Editorial

Puigdemont, a Sánchez: o todo o nada

EDITORIAL

EL IMPARCIAL | Viernes 11 de agosto de 2023

Pedro Sánchez es consciente de que el apoyo de Puigdemont a su investidura le va a costar mucho más de lo que podía imaginar: la amnistía y el referéndum encabezan la lista de las exigencias irrenunciables. Pero hay más: quiere grupo propio en el Congreso, a pesar de no reunir los requisitos; un Tribunal Supremo catalán, Fiscalidad independiente… Todo ello basado en un chantaje que se basa en una frase que ha hecho circular “o todo o nada”. El prófugo, además, cree que no le conviene atarse al PSOE. Que Junts crecería más con un Gobierno del PP, que intentaría hacer cumplir la Constitución, para empezar, en la educación, lo que justificaría un enfrentamiento total con el Estado y que movilizaría a sus terroristas callejeros para arrasar las calles de las ciudades catalanas.

En el PSOE se han encendido las luces rojas y empiezan a barruntar que la investidura de Pedro Sánchez puede fracasar por la amenaza de que Junts no vote a favor. De ahí, los globos sondas que ya ha lanzado Moncloa sobre las posibilidades de aplicar la amnistía o su apoyo a la creación de ese grupo propio en el Congreso. Están dispuestos a incumplir la Constitución con tal de amarrar los escaños de los independentistas, imprescindibles para formar Gobierno. Alberto Núñez Feijóo, además, está dispuesto a presentarse a la investidura con los 172 escaños con los que cuenta si suma los del PP, VOX, UPN y CC. Y el PSOE no quiere arriesgarse a que el líder del PP pueda lograr su objetivo.

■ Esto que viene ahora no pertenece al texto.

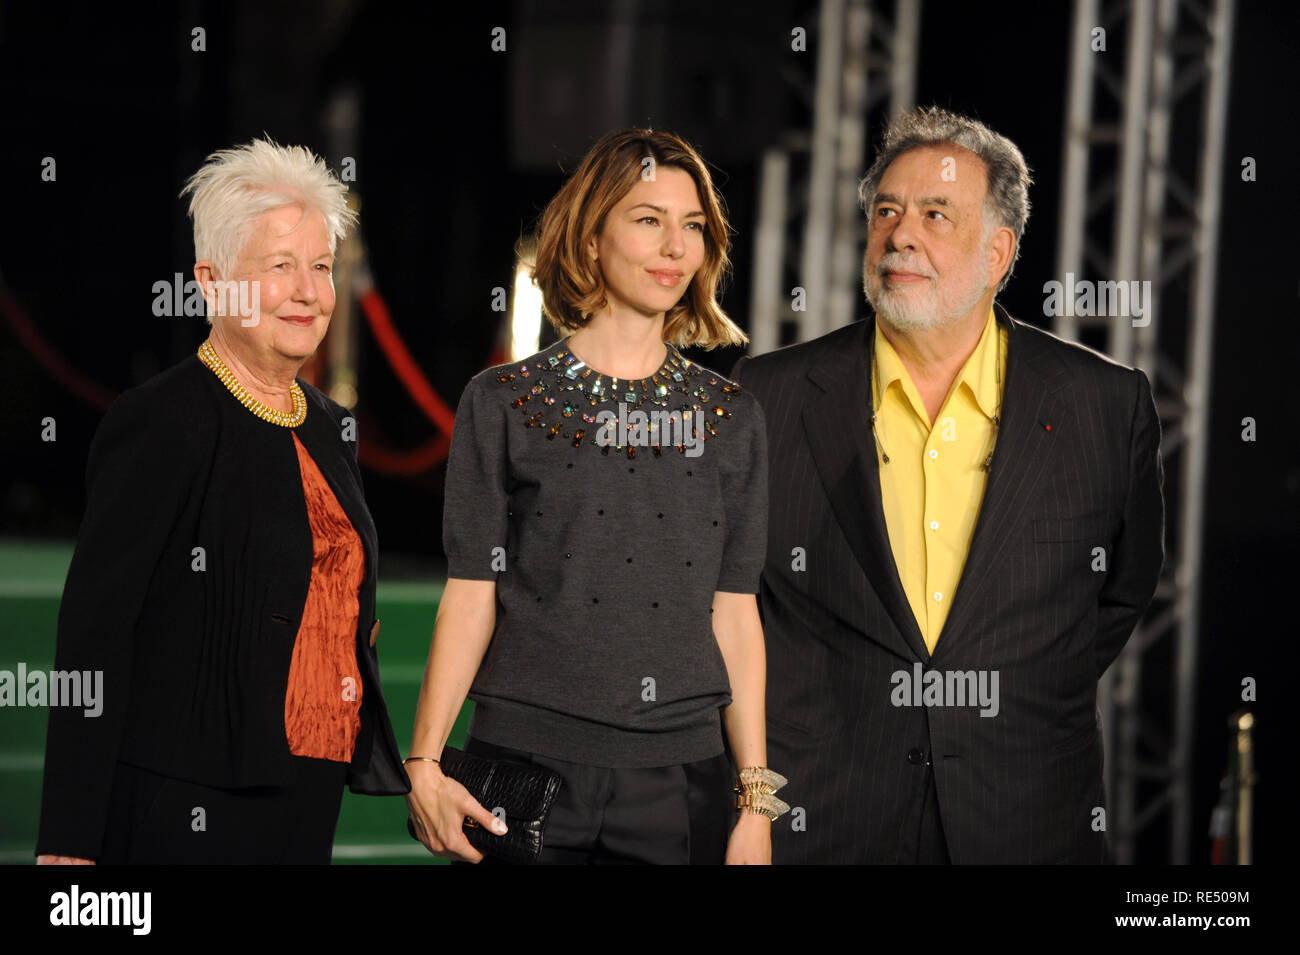 Elenor Coppola, Sofia Coppola and Francis Ford Coppola attend the 26th Tokyo International Film Festival Opening Ceremony at Roppongi Hills in Tokyo, Japan Oct. 17, 2013. Stock Photo
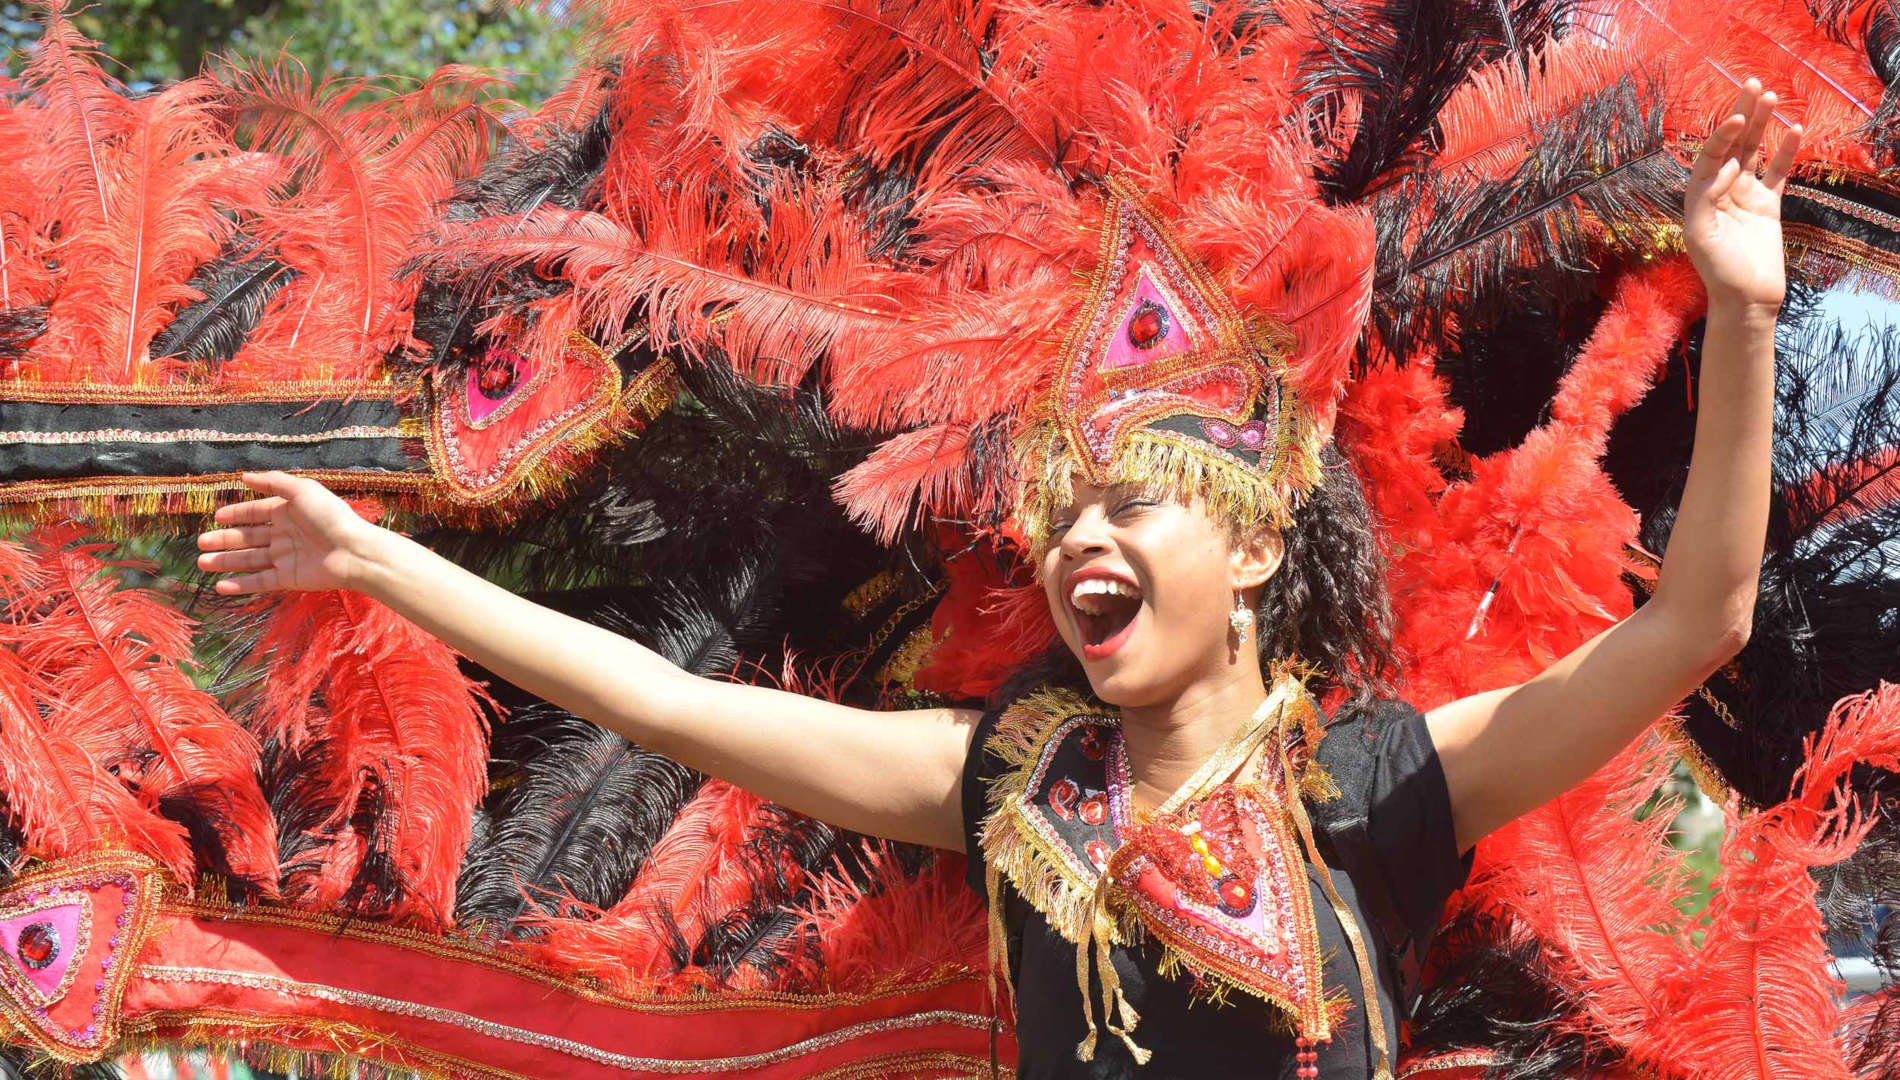 Young person dancing at the carnival wearing a feathered headpiece

De nuevo, hay que asumir que la gobernación de España está en manos de un desequilibrado que solo busca protagonismo y, en especial, destruir la Constitución, empezando por abolir la Monarquía Parlamentaria. Será un psicópata, pero dice lo que piensa y lo que pretende. Y Pedro Sánchez debería reflexionar si le conviene depender de los caprichos golpistas del prófugo de Waterloo. Por lo que parece, el presidente en funciones está decidido a llegar hasta el final, como única posibilidad de amarrar el poder. Pero empieza a asumir que no podrá complacer a Puidemont, en especial porque el PP tiene mayoría absoluta en el Senado y vetaría, incluso, una mera consulta sobre la reforma del Estatuto catalán. Pero al presidente en funciones le desquicia la maldita sentencia del prófugo de Waterloo: “o todo o nada”. Y ése es el gran peligro: que ceda en todo.